Police reform, not defunding: Biden
Biden stands by his proposals to overhaul policing — not to "defund the police," as some progressive activists espouse, but to require local forces to agree to certain best practices to get federal funding and to invest more in services, such as mental health counselling, intended to ease social problems that fall to police to handle, sometimes with violent consequences.
Biden previewed Wednesday how he believes he can make that work in Kenosha and, if he defeats Trump, in the White House.
"I spent my whole life ... bringing people together, bringing the community and police officers together, bringing business leaders and civic leaders together," he said, casting the national moment in terms of its possibilities.
"There's been so many fissures exposed as a consequence of what's happened that people are now realizing, 'My Lord, I didn't know people in that circumstance didn't have that kind of help.

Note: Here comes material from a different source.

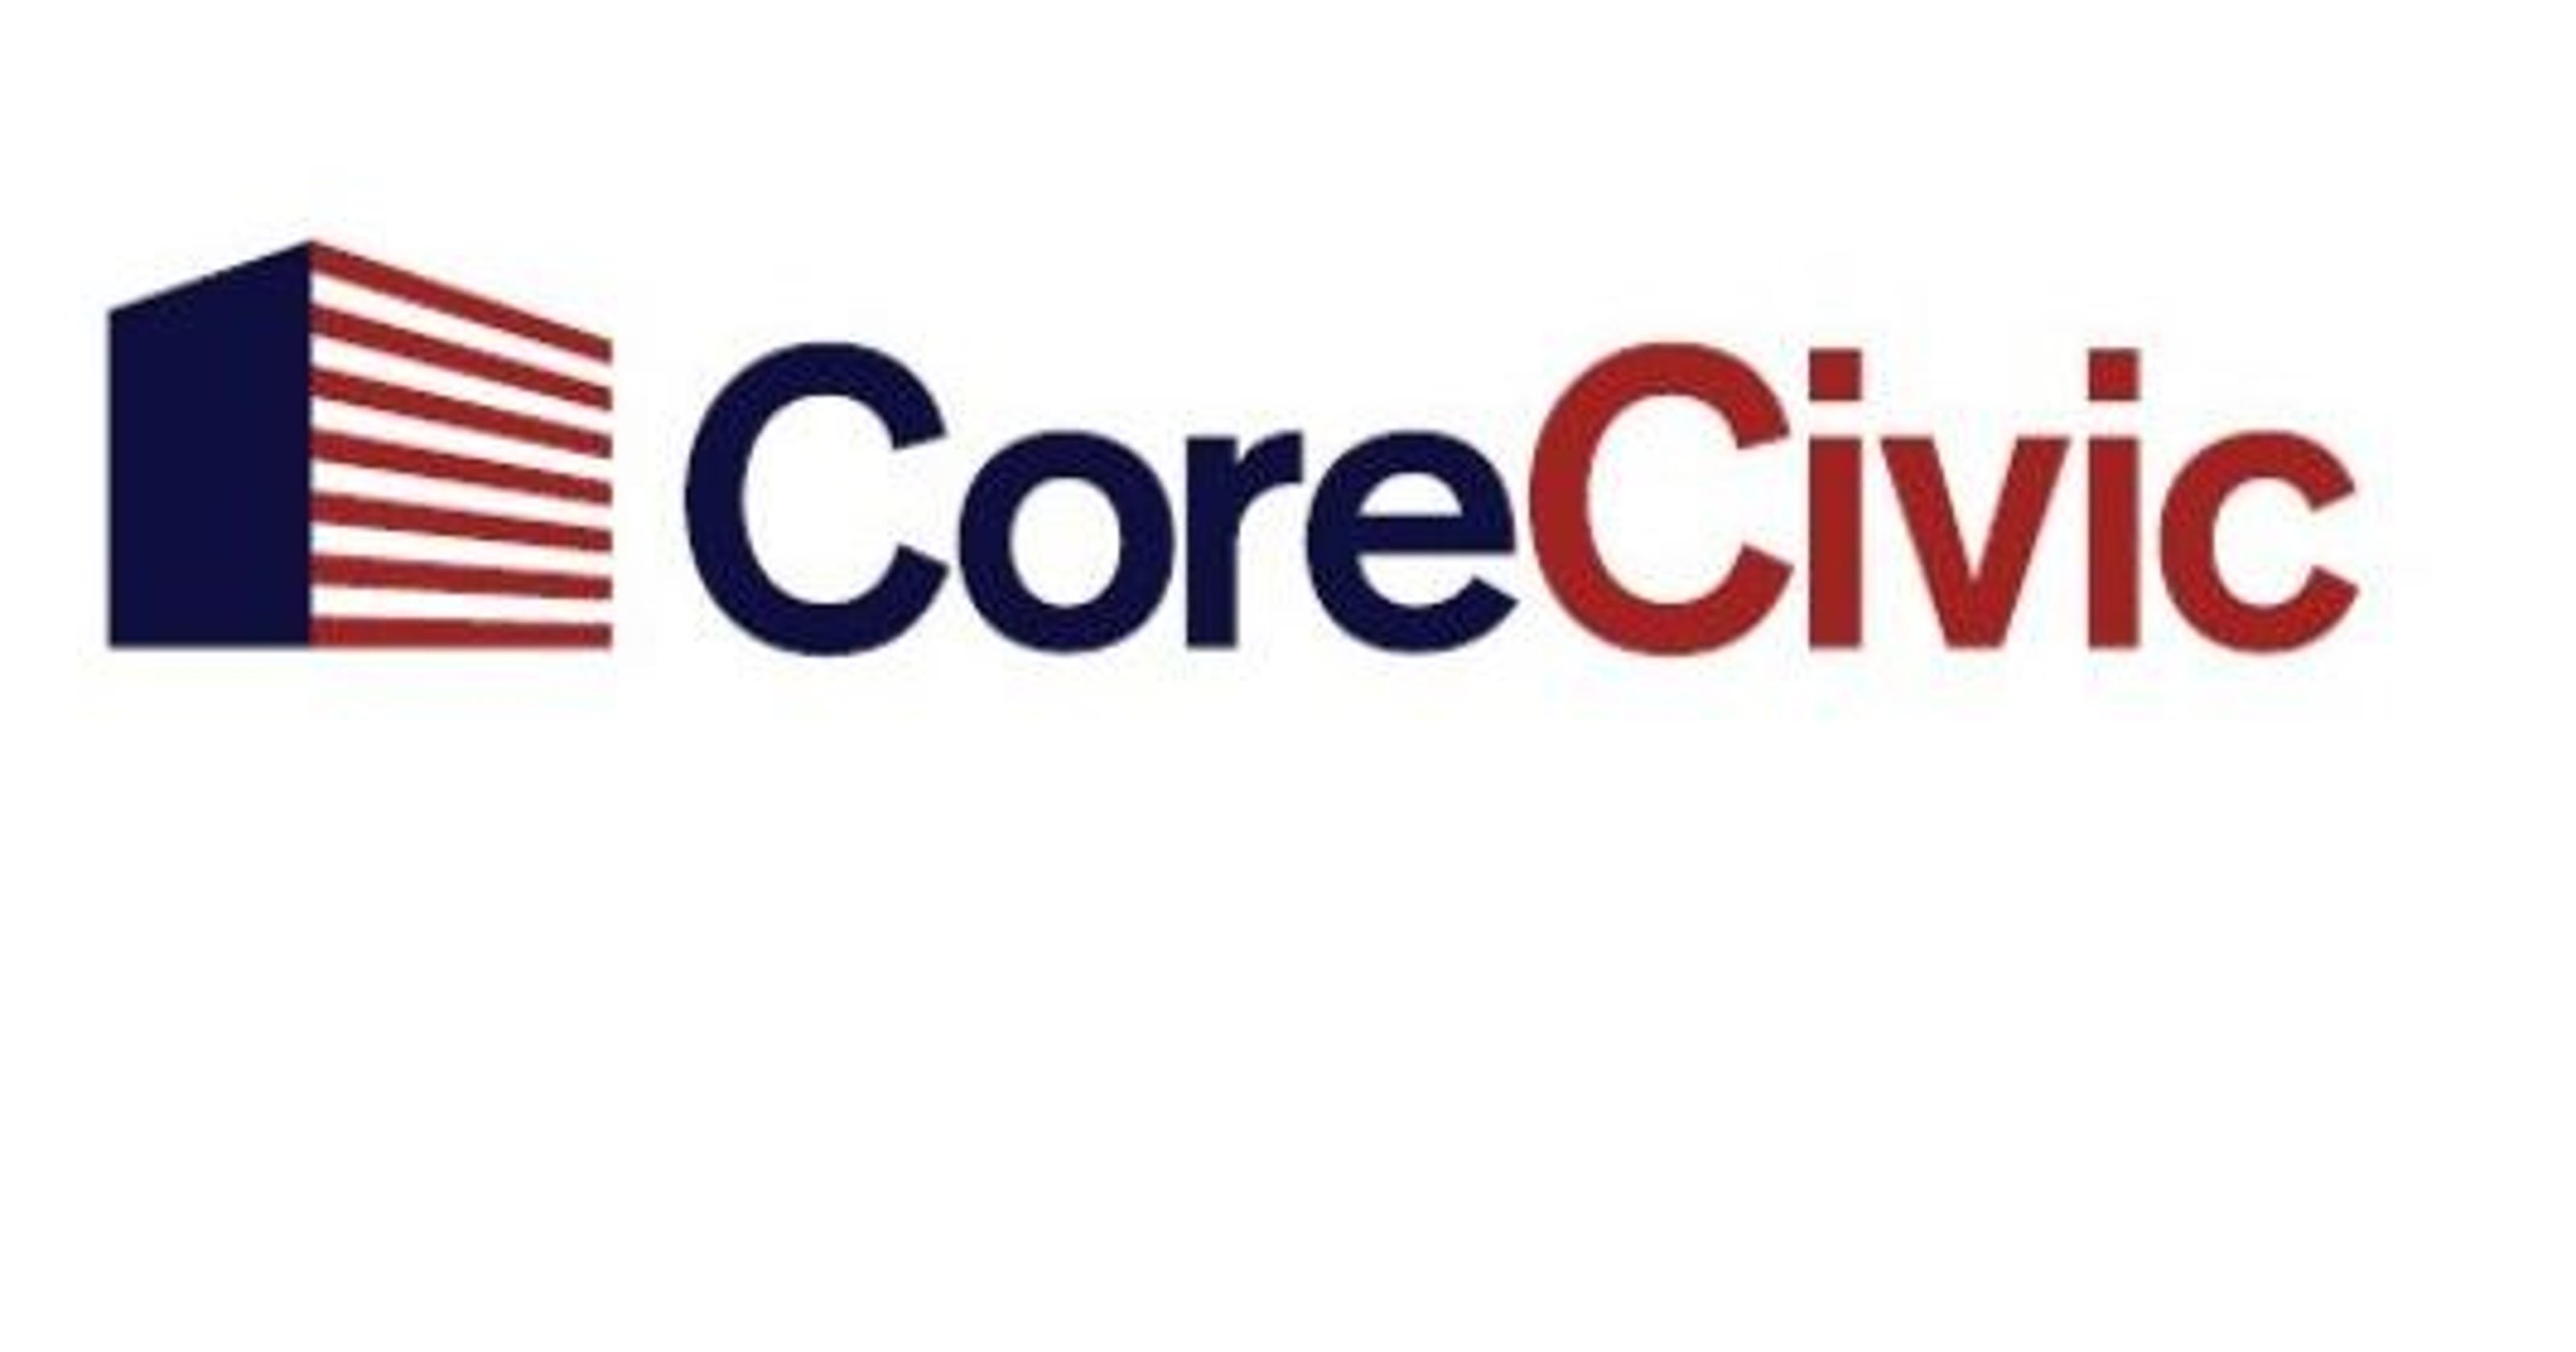 CoreCivic Inc

I didn't know,'" he said. "What an enormous opportunity to bring the country together."
WATCH | Biden rejects Trump's criticisms, assails lack of leadership:
Both candidate visits unwelcome by Wisconsin governor
Wisconsin Gov. Tony Evers said he did not want either Biden or Trump to visit Kenosha. Both men ignored Evers's requests.
Evers and Kenosha Mayor John Antaramian said ahead of Trump's visit that they hoped he would stay away, fearing he'd exacerbate community tensions.
On Thursday, Evers said in a conference call that he also made his position to the Biden campaign clear, but they had already decided to come to Wisconsin.
Candidate visits not without precedent
Wisconsin Attorney General Josh Kaul, a Democrat, said Wednesday he thought Biden could help Kenosha heal in ways that Trump's stop in the city did not.
Trump, in a Fox News interview, appeared to rationalize the events that led to an Illinois teen being charged with the shooting deaths of two people on Aug. 25. The previous night, several businesses in the city had been burned and looted during protests.
The visits by Trump and Biden in an election year to a city experiencing unrest are not without precedent in modern U.S. politics.
President Jimmy Carter paid a visit to Miami in June 1980 after the acquittal of four white police officers in the killing of a Black businessman led to unrest that was eventually tied to the deaths of 18 people.
Many civic officials told Carter to stay away, and some onlookers in the Liberty City neighbourhood he toured threw objects at his motorcade.
There were 64 deaths attributed to the Los Angeles riots in 1992 and estimated property damage that was the equivalent of $1.6 billion US in today's terms.
Both George H.W. Bush, the president, and Democratic candidate Bill Clinton met with leaders and witnessed the damage, which was sparked by the acquittal of four police officers in the beating of a Black man, Rodney King, part of which had been recorded by an onlooker.